さうして、しみ/″\と山に見入つて居る。山と自分とに繋《いまし》つてゐる深い交渉を、又くり返し考へはじめたのである。

郎女の家は、奈良東城の右京二条第七坊にある。祖父武智麻呂の亡くなつて後、父が移り住んでからも、大分の年になる。父は横佩《よこはき》の大将《だいしやう》と謂はれる程、一ふりの大刀のさげ方にも、工夫を凝らさずには居られぬだて[#「だて」に傍点]者《もの》であつた。なみ[#「なみ」に傍点]の人の竪にさげて佩く大刀を横に吊る佩き方を案出した人である。新しい奈良の都の住民は、まだかうした官吏としての豪華な服装を趣向《この》むまでに到つて居ない頃、若い姫の父は、近代の時装に思ひを凝して居た。古い留学生や、新来の帰化僧などを訪問して尋ねることも張文成などの新作の物語などは、問題にはして居なかつた。
さうした濶達なやまとごゝろを赴くまゝに伸して居る間に、才《さえ》優れた族人が、彼を乗り越しかけて居た。姫には叔父、彼――豊成にはさしつぎの弟仲麻呂である。
その父君も、今は筑紫に居る。家族の半以上は、太宰帥のはな/″\しい生活の装ひとして連れて行つてしまつた。奈良の家は、とりわけ寂しくなつて居る。
宮廷から賜つて居る※[#「にんべん+慊のつくり」、第3水準1−14−36]従《とねり》は、大貴族の家々の門地の高さを示すものとして、美々しく著飾らして出入させたものだが、其すら太宰府へついて行つてしまつた。
寂かな屋敷には物音も聞えて来る時すら多かつた。この家の女部屋は、日あたりに疎い北の屋の西側に小さな蔀戸《しとみど》があつて、其をつきあげると、方一間位な※[#「片+總のつくり」、第3水準1−87−68]になるやうに出来てゐる。さうして其内側には夏冬なしに簾が垂れてあつて、外からの隙見を防いだ。
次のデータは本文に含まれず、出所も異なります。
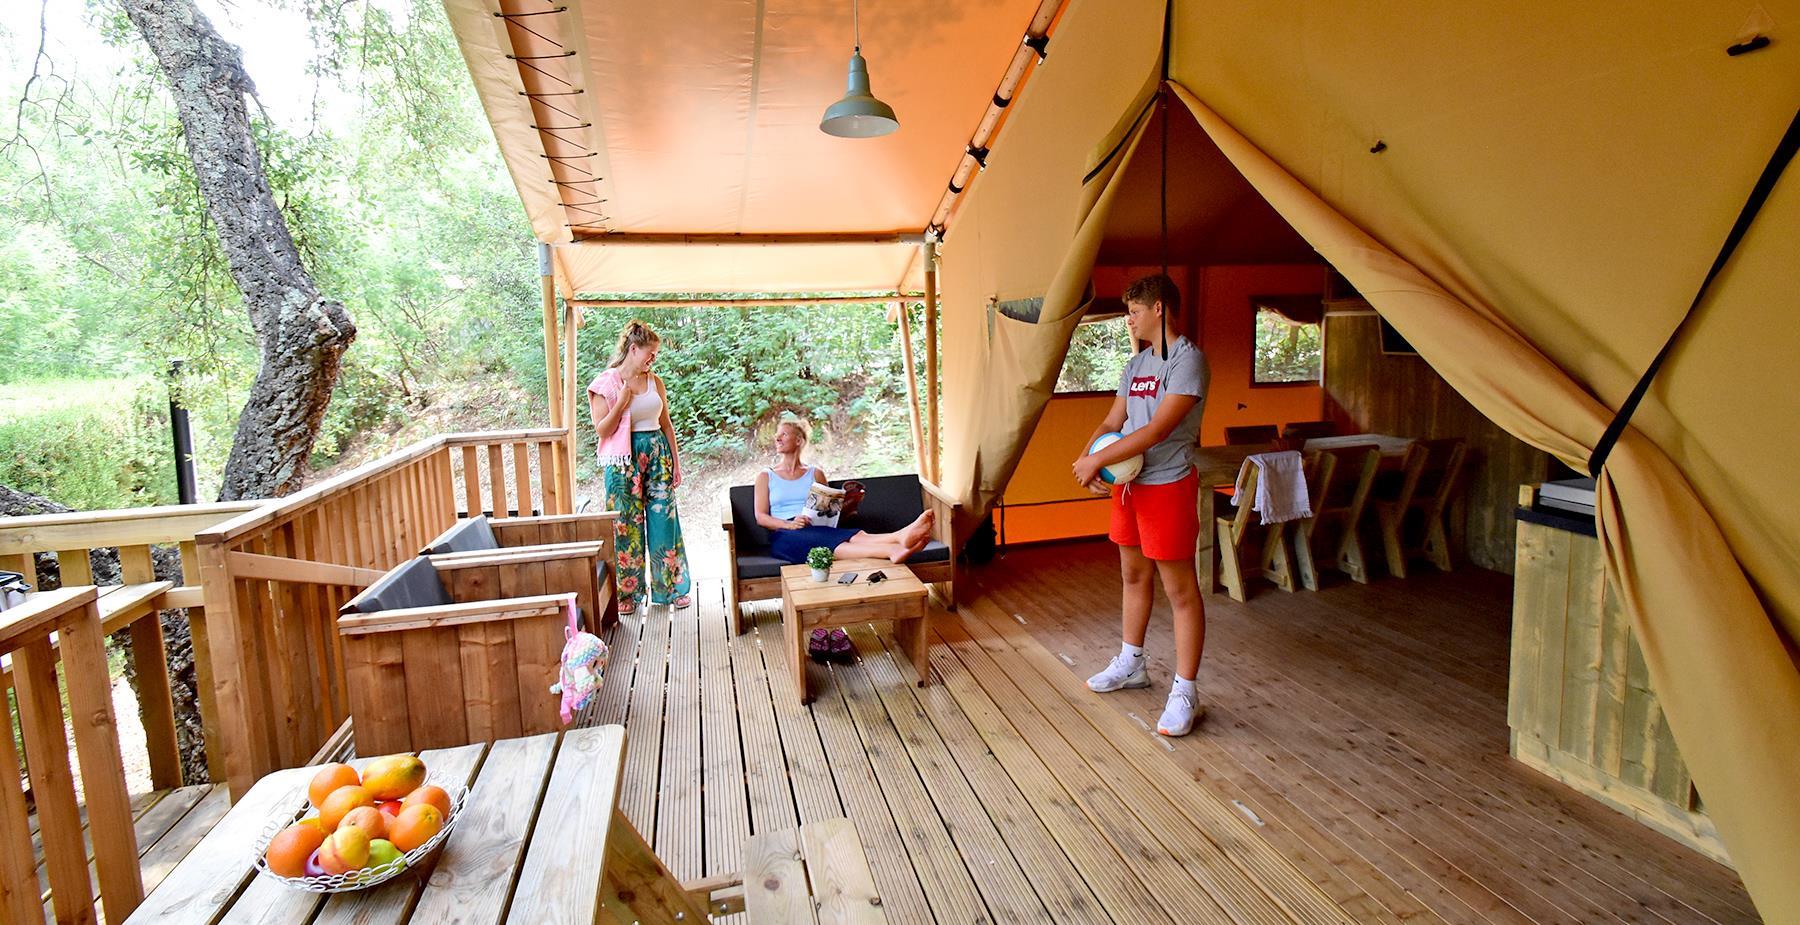 Location - Bergerie Lodge - Tente Safari De Luxe - Climatisation - 2 Chambres + 1 Lit-Cabane - Camping Castel Domaine de la Bergerie

さうして其|外《そと》は、広い家の外廓になつて居て、大炊殿《おほいどの》もあれば、火焼《ひた》き屋なども、下人の住ひに近い処に立つてゐる。苑《その》と言はれる菜畠やちよつとした果樹園らしいものが、女部屋の窓から見える唯一の風景であつた。
武智麻呂時代から、此屋敷のことを、世間では、南家と呼び慣はして来てゐる。此頃になつて、仲麻呂の威勢が高まつて来たので、何となく其古い通称は人の口から薄れて、其に替る称へが行はれ出したのである。二京七坊をすつかり占めた大屋敷を、一垣内《ひとかきつ》――一字《ひとあざ》と見倣して、横佩墻内《よこはきかきつ》と言ふ者が著しく殖えて来たのである。
太宰府からは、この頃久しく音づれがなかつた。其でも、半年目に都へ戻つて来た家の子は、一車に積み余るほどな家づとを、家の貴公子たち殊に、姫にと言つて持ち還つて来た。
山国の狭い平野に、一代々々都遷しがあつた長い歴史の後、こゝ数十年やつと一つ処に落ちついた奈良の都は、其でもまだ、なか/\整ふまでにはなつて居なかつた。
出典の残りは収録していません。